--- Entries shown Enclosed Below ---

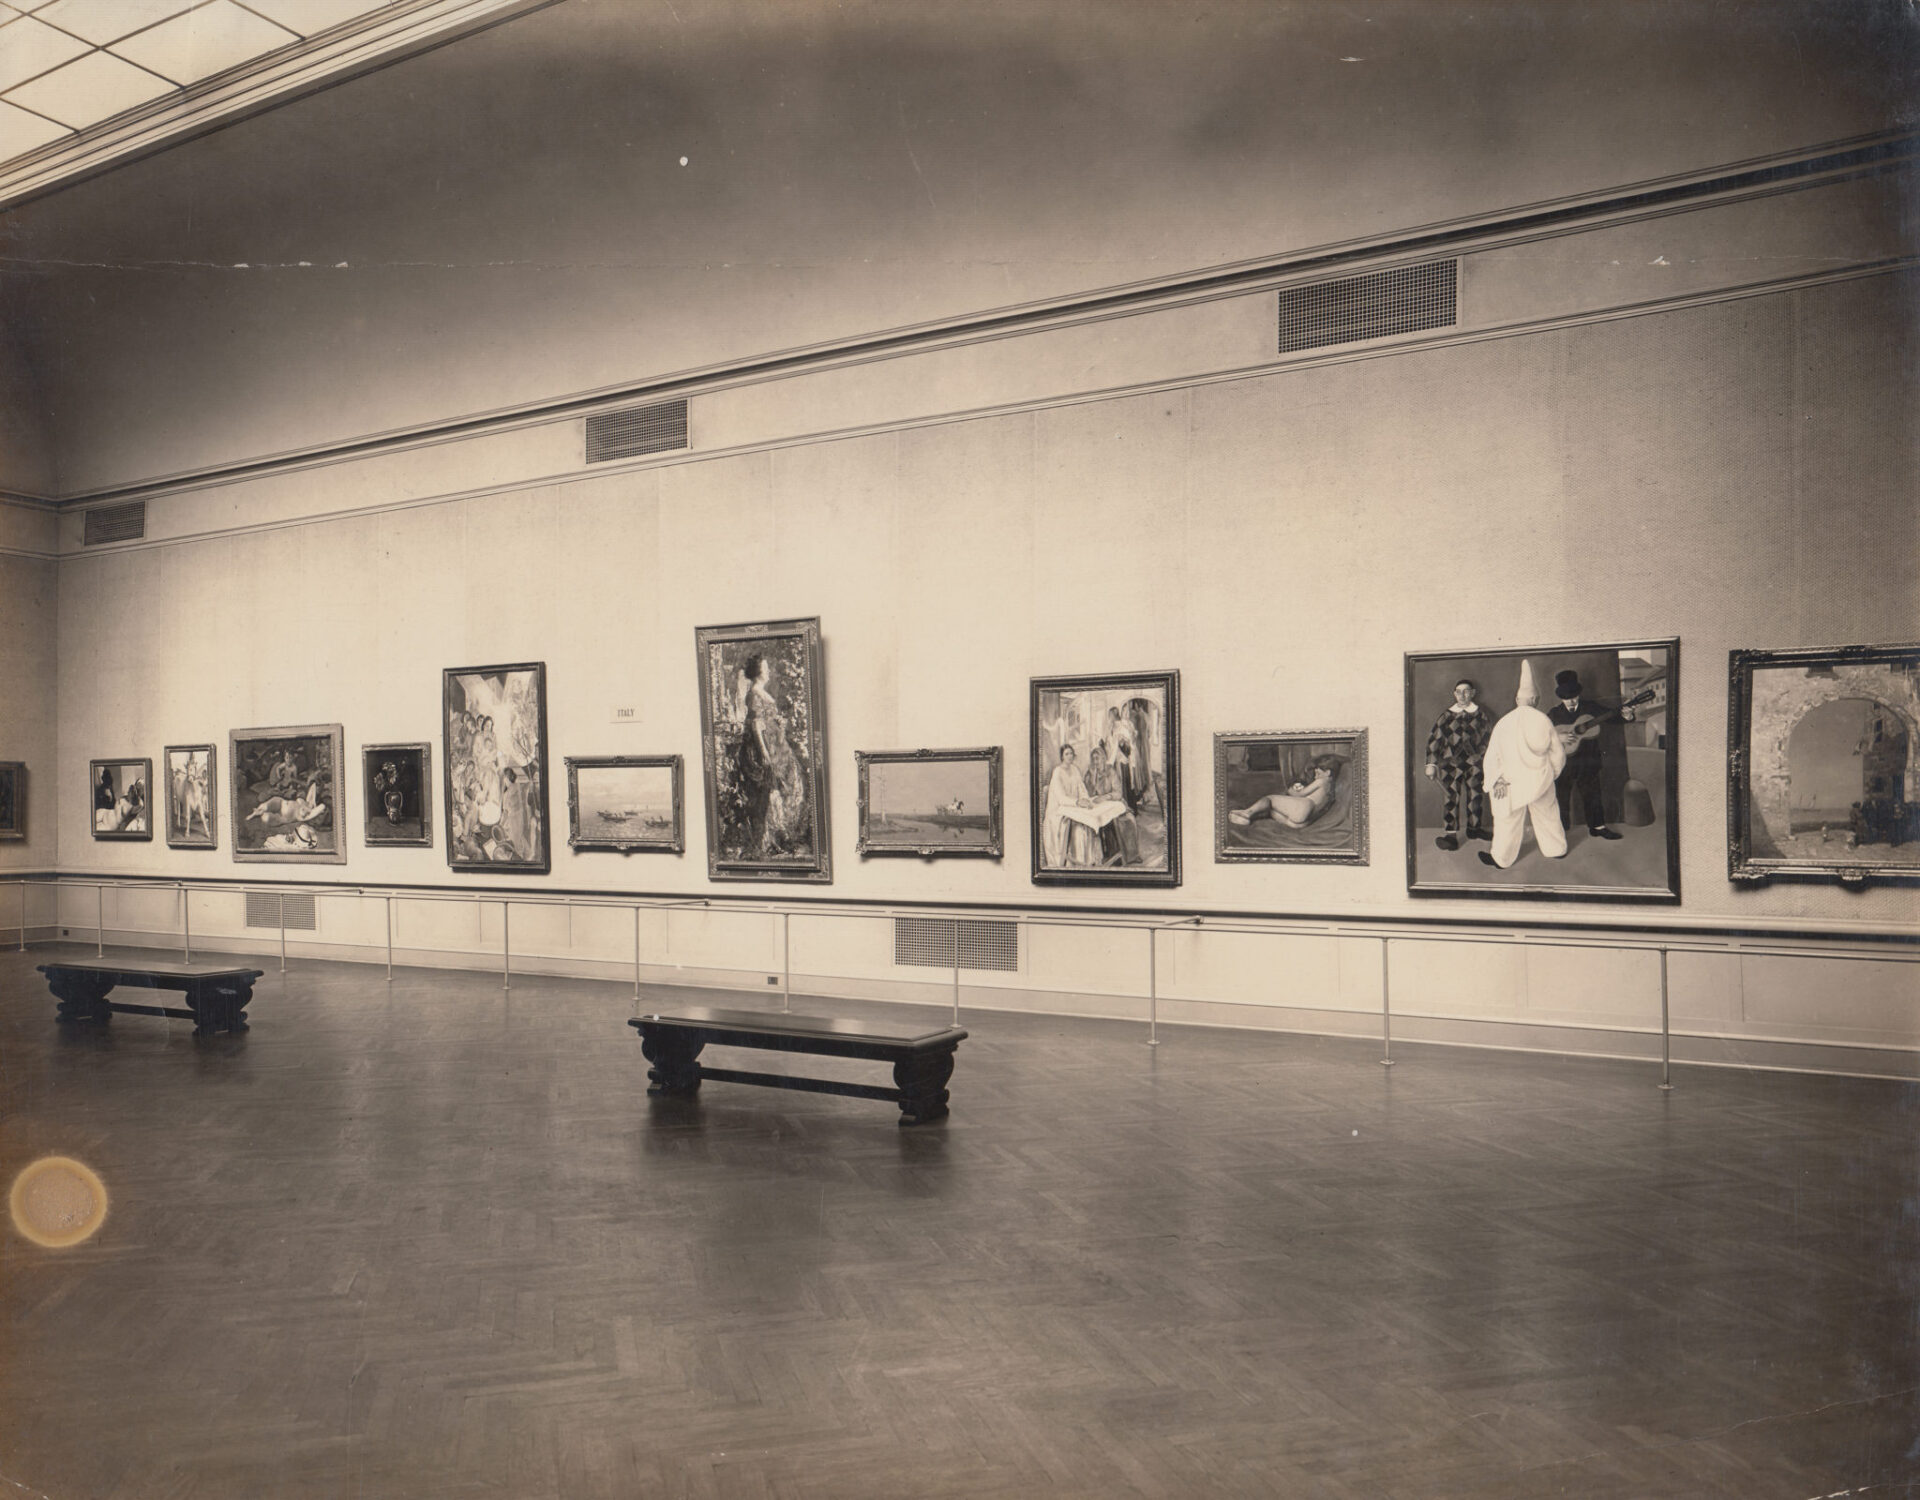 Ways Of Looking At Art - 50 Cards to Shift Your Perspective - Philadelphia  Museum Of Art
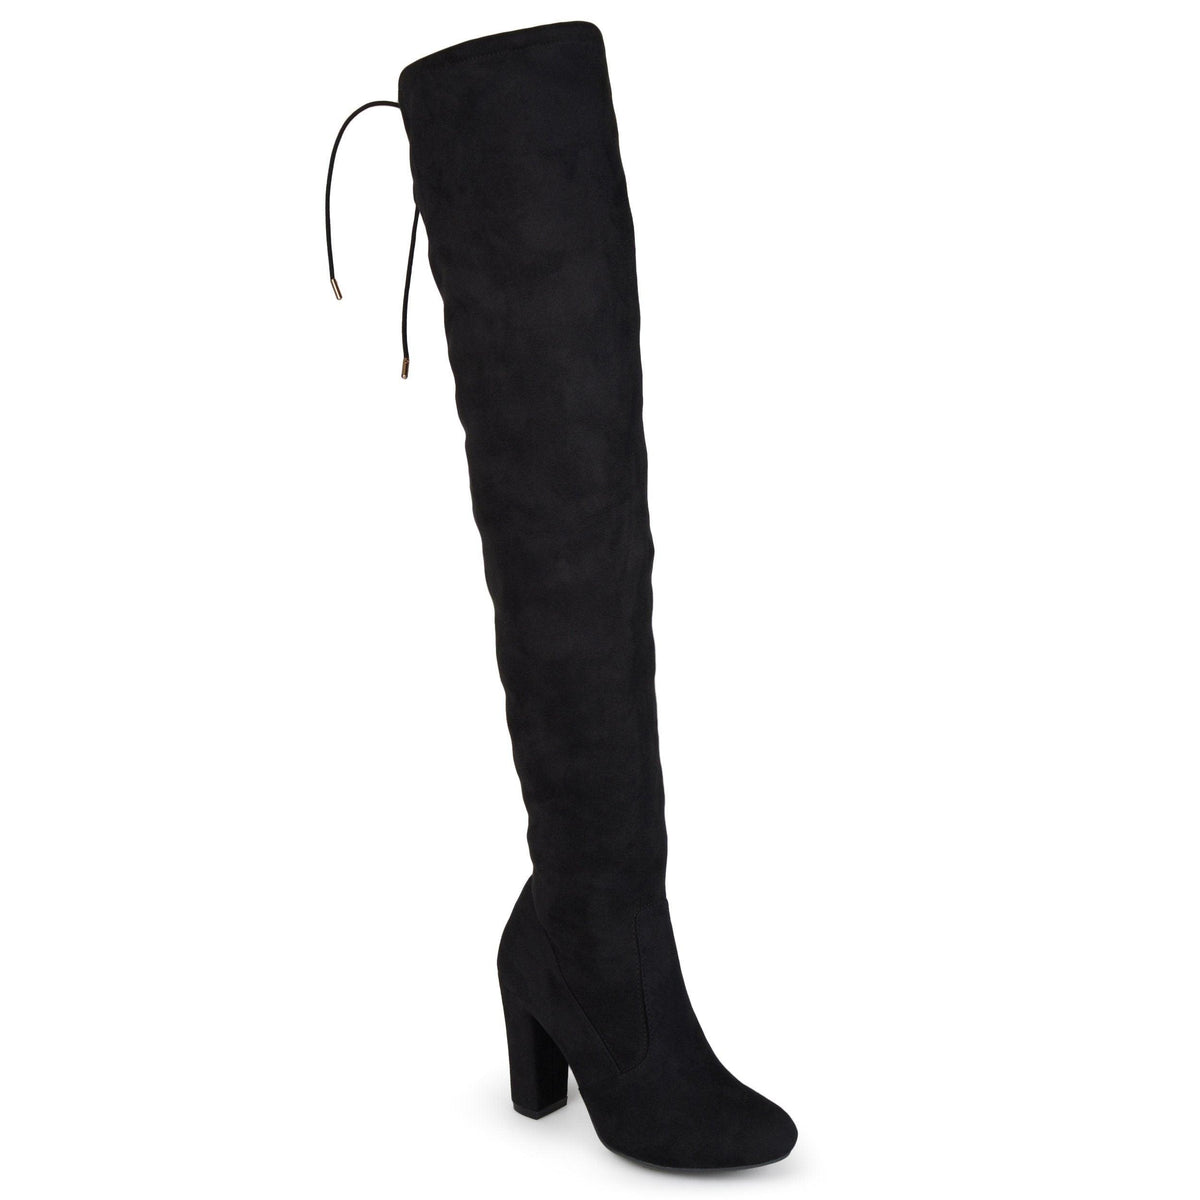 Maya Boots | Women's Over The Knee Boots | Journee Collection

--- End of Enclosed Entries shown ---
--- Entries shown Enclosed Below ---

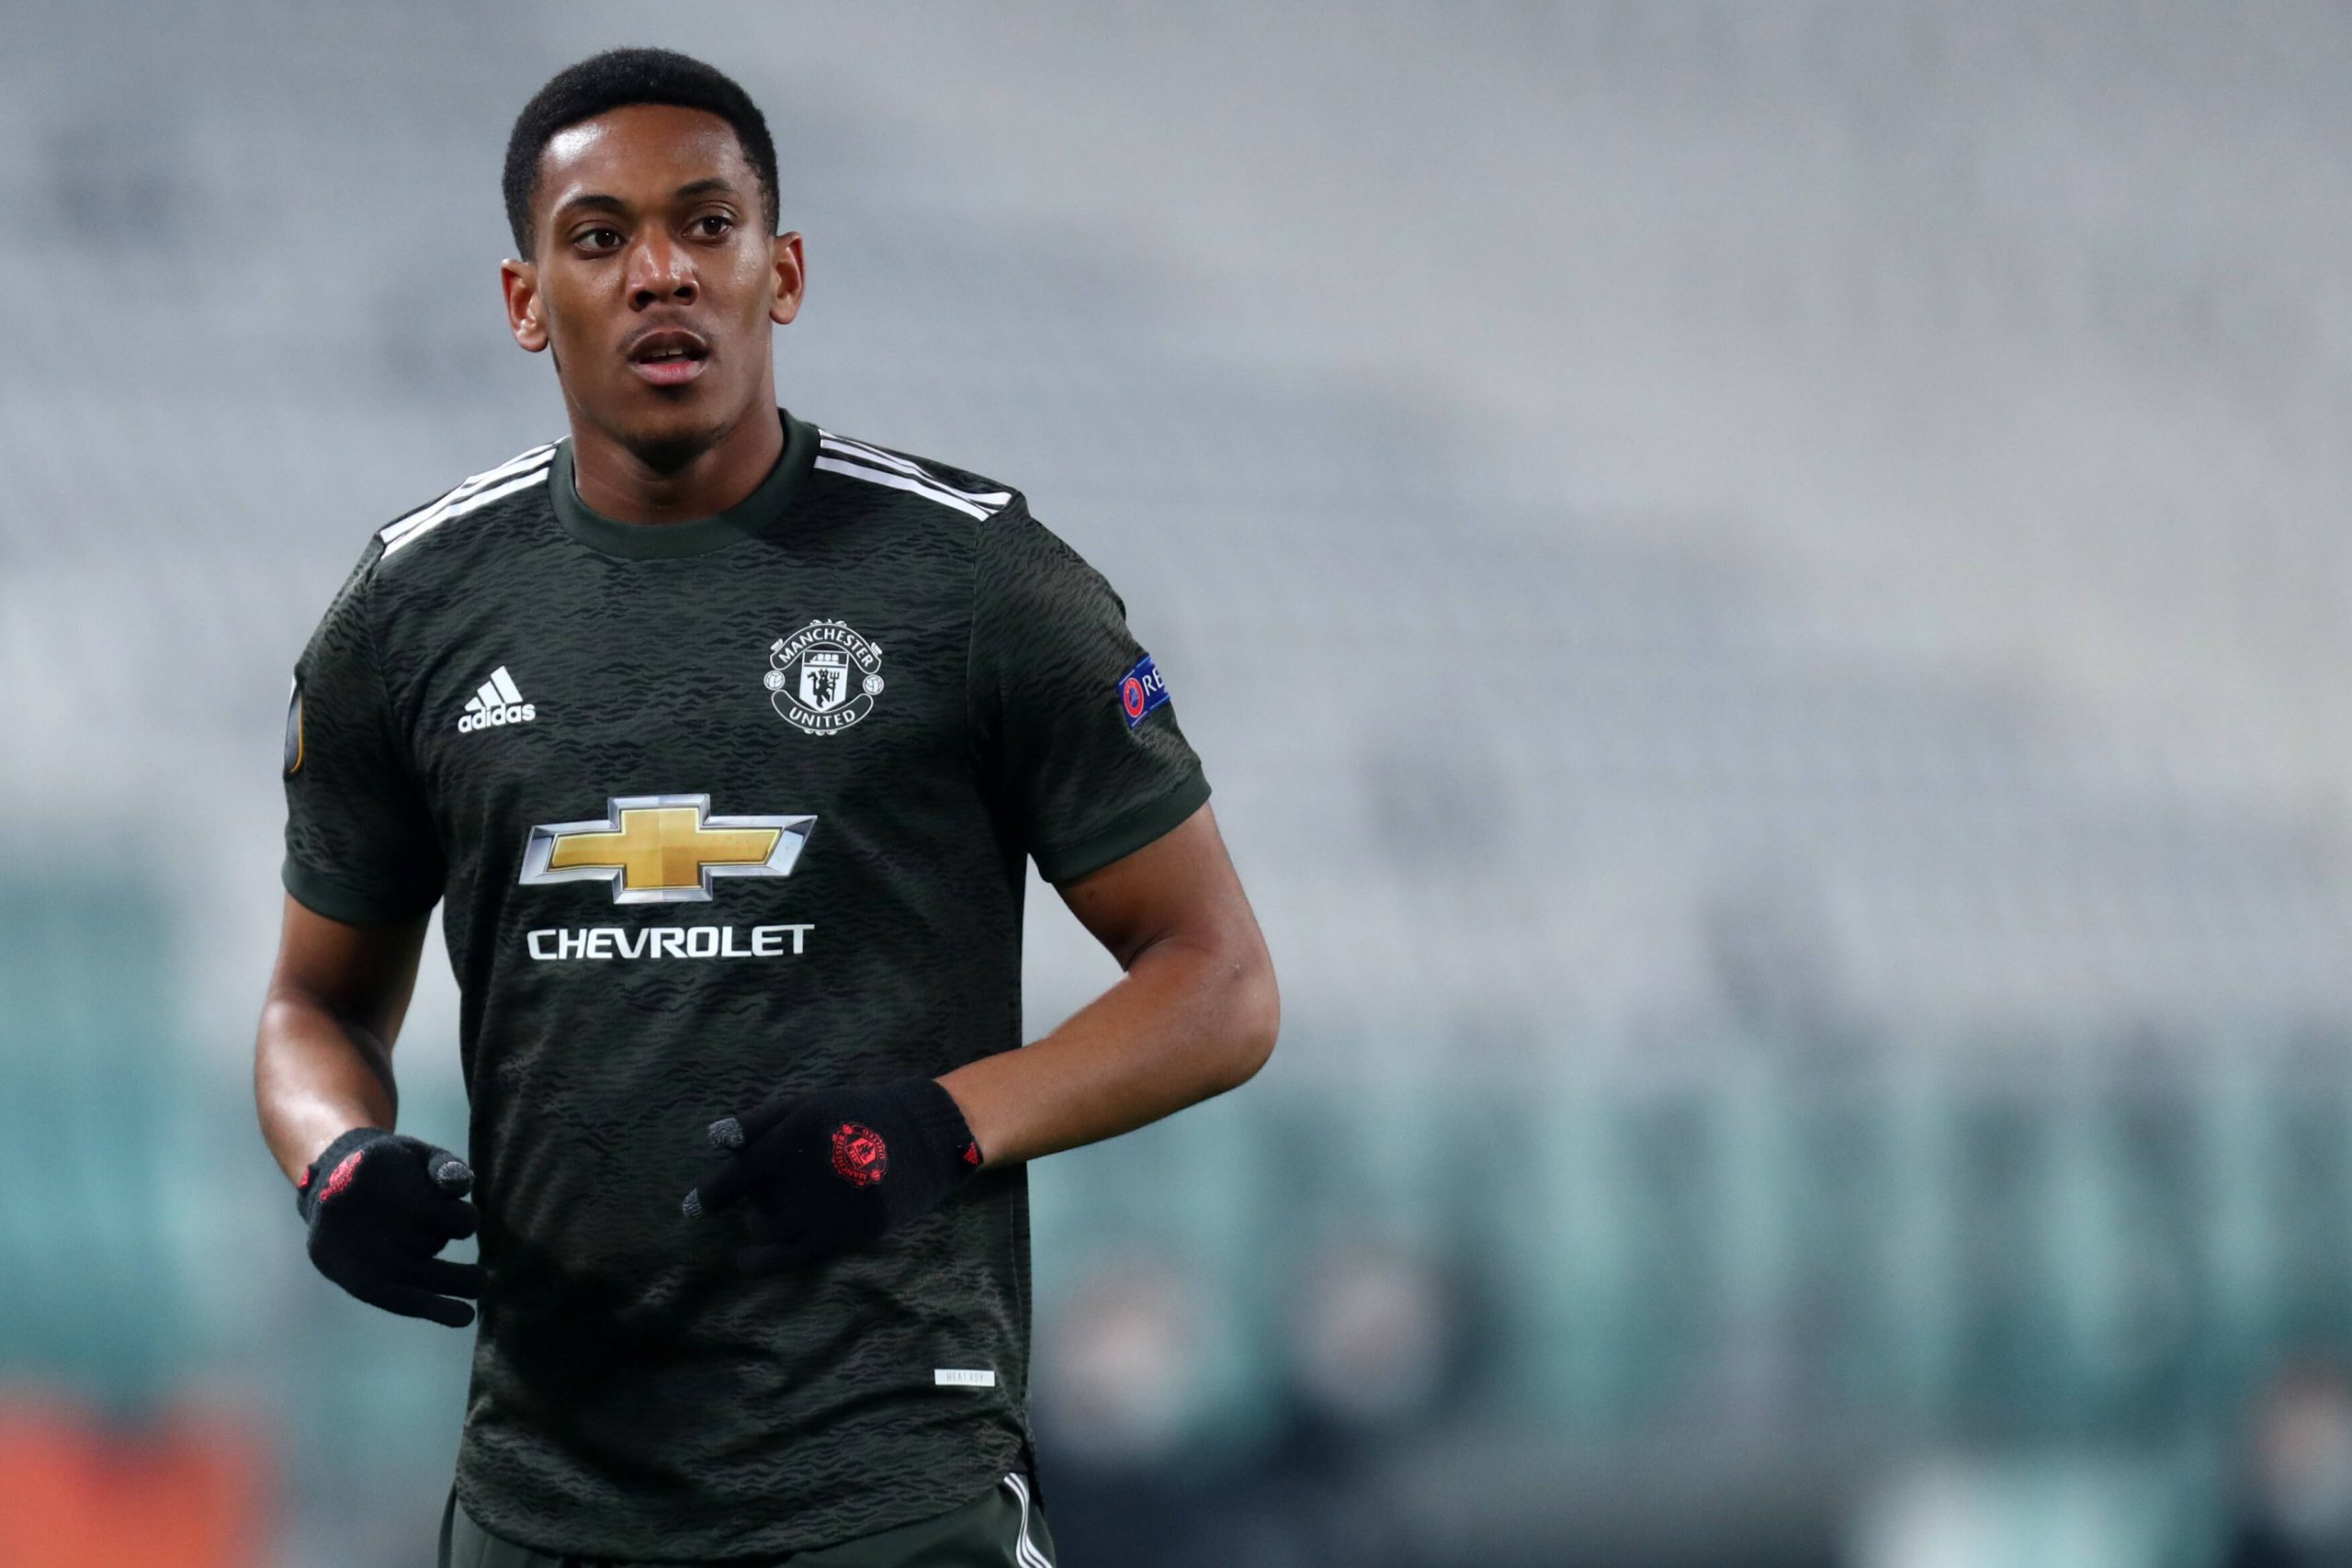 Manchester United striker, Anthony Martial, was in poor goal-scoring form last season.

--- End of Enclosed Entries shown ---

:: Problem to work on ::
Using the data above, give again exactly the lines starting at the one holding "Ways Of Looking" and ending at the one holding "Maya Boots |", inclusive, and nothing more. Omit the pictures.

:: Response to this task ::
 Ways Of Looking At Art - 50 Cards to Shift Your Perspective - Philadelphia  Museum Of Art
 Maya Boots | Women's Over The Knee Boots | Journee Collection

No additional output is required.